What happend to the indentation? Anyway

$ ./inttostr -1

$ ./inttostr -2147483648

I like snprintf:

import core.stdc.stdio : snprintf;
import std.exception : assumeUnique, enforce;
import std.stdio;
import std.conv;
import core.stdc.locale;
import std.format;

void main (string [] args)
{
   setlocale (LC_NUMERIC, "");
   auto myint = args[1].to!long;
   char[27] str;
   auto n = snprintf(str.ptr, str.sizeof, "%'ld", myint);
   enforce (n < str.sizeof, "buffer too small");
   string _dstring = str[0..n].assumeUnique;
   writeln(_dstring);
}
$ ./l2s -9223372036854775808
-9.223.372.036.854.775.808
November 30, 2023

On Tuesday, 28 November 2023 at 09:43:47 UTC, Dom DiSc wrote:

>

On Tuesday, 28 November 2023 at 08:51:21 UTC, Mark Davies wrote:

>

On Friday, 24 November 2023 at 09:35:00 UTC, BoQsc wrote:

import std.stdio;

char[10] longToString(long n) @nogc

For a 'long' 10 characters is likely to be not enough (long max is 9223372036854775808 [...]

long.max is 9223372036854775807, long.min is -9223372036854775808. Besides from the too short buffer the longToString function neither converts 0 (zero) nor long.min correctly.

November 30, 2023

On Friday, 24 November 2023 at 09:35:00 UTC, BoQsc wrote:

>

I tried to look into https://dlang.org/phobos/std_conv.html

Most of the functions inside std.conv seem to be dependant on Garbage Collection.
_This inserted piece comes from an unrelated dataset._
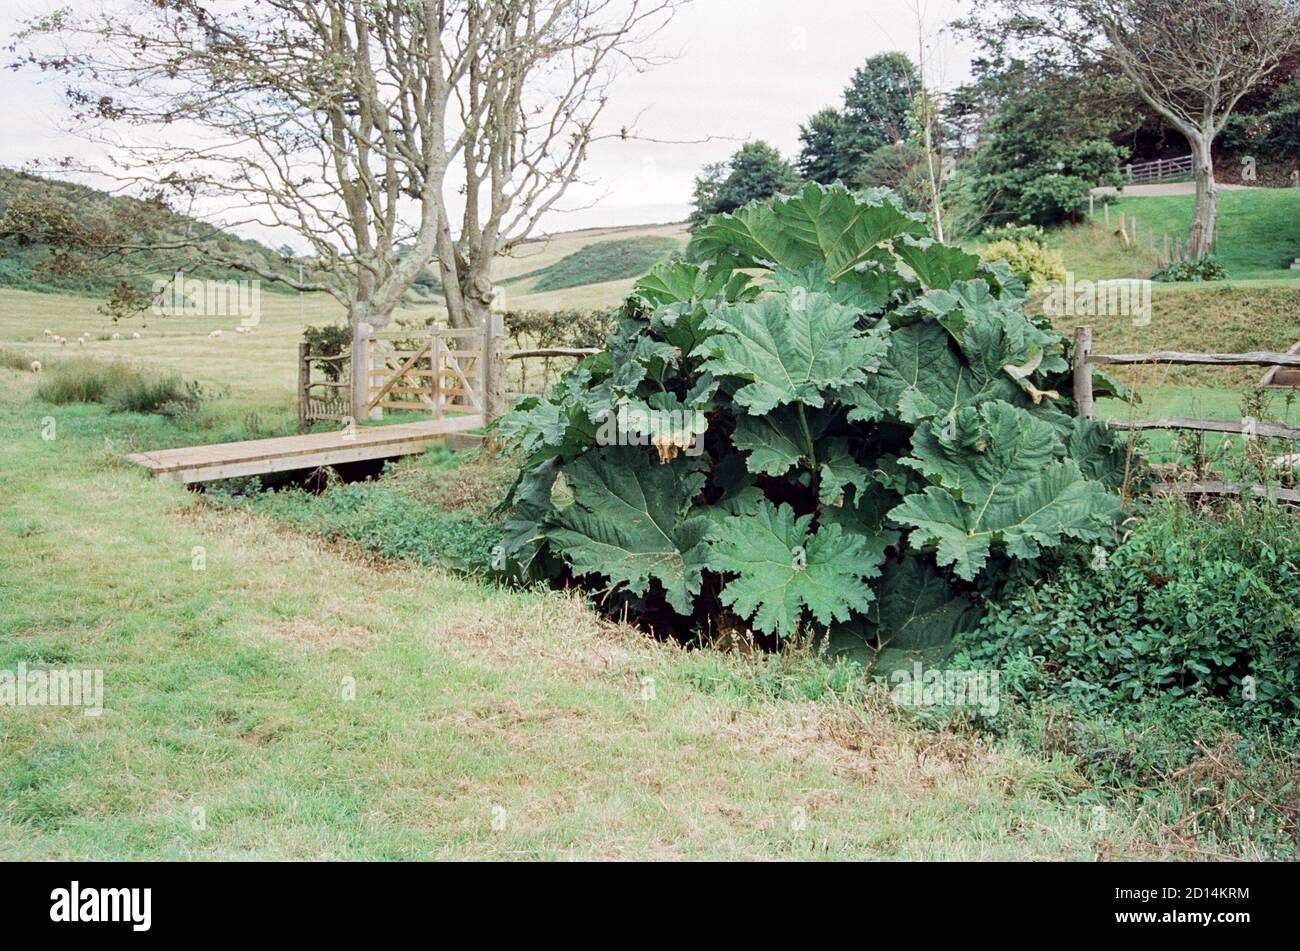 Giant Gunnera plant, Hope Cove, Kingsbridge, Devon, England, United Kingdom. Stock Photo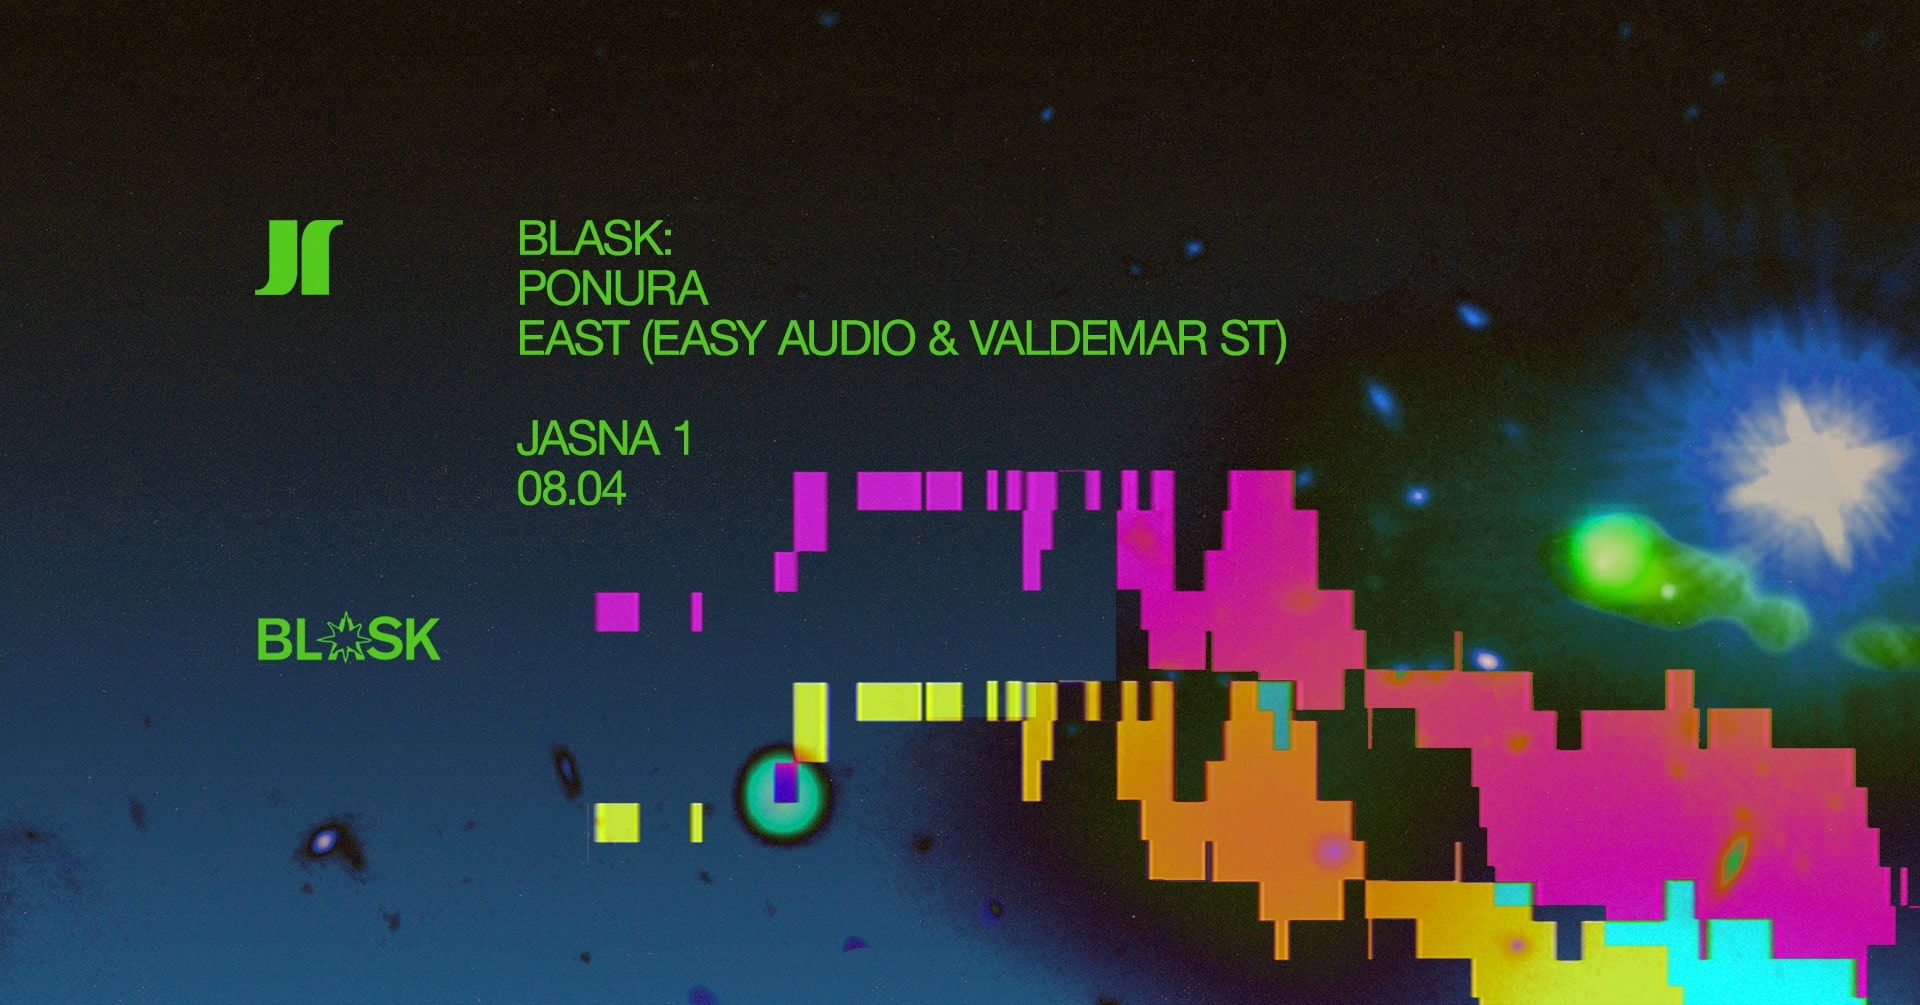 J1 | BLASK: Ponura, EAST (Easy Audio & Valdemar ST)

And I couldn't find a straightforward way to produce a string value out of uint value.

How to convert or parse uint value to a string in @nogc way?

There are various tricks to do such conversion very fast. For example, the following article is essential for implementing it: https://lemire.me/blog/2021/06/03/computing-the-number-of-digits-of-an-integer-even-faster/

Rather than doing conversion one digit at a time, it's much more efficient to process multiple digits per loop iteration. Consider an illustrative pseudocode like this:

    while (x >= 100) {
      write(twodigits_lookup_table[x % 100]); // we can handle two digits at once
      x /= 100;
    }

I have a @nogc compatible DUB module, which implements fast formatted output to stdout: https://github.com/ssvb/speedy-stdio (cutting some corners allows to squeeze some extra performance out of it).

The same code can be adapted to do formatted output to a memory buffer as well.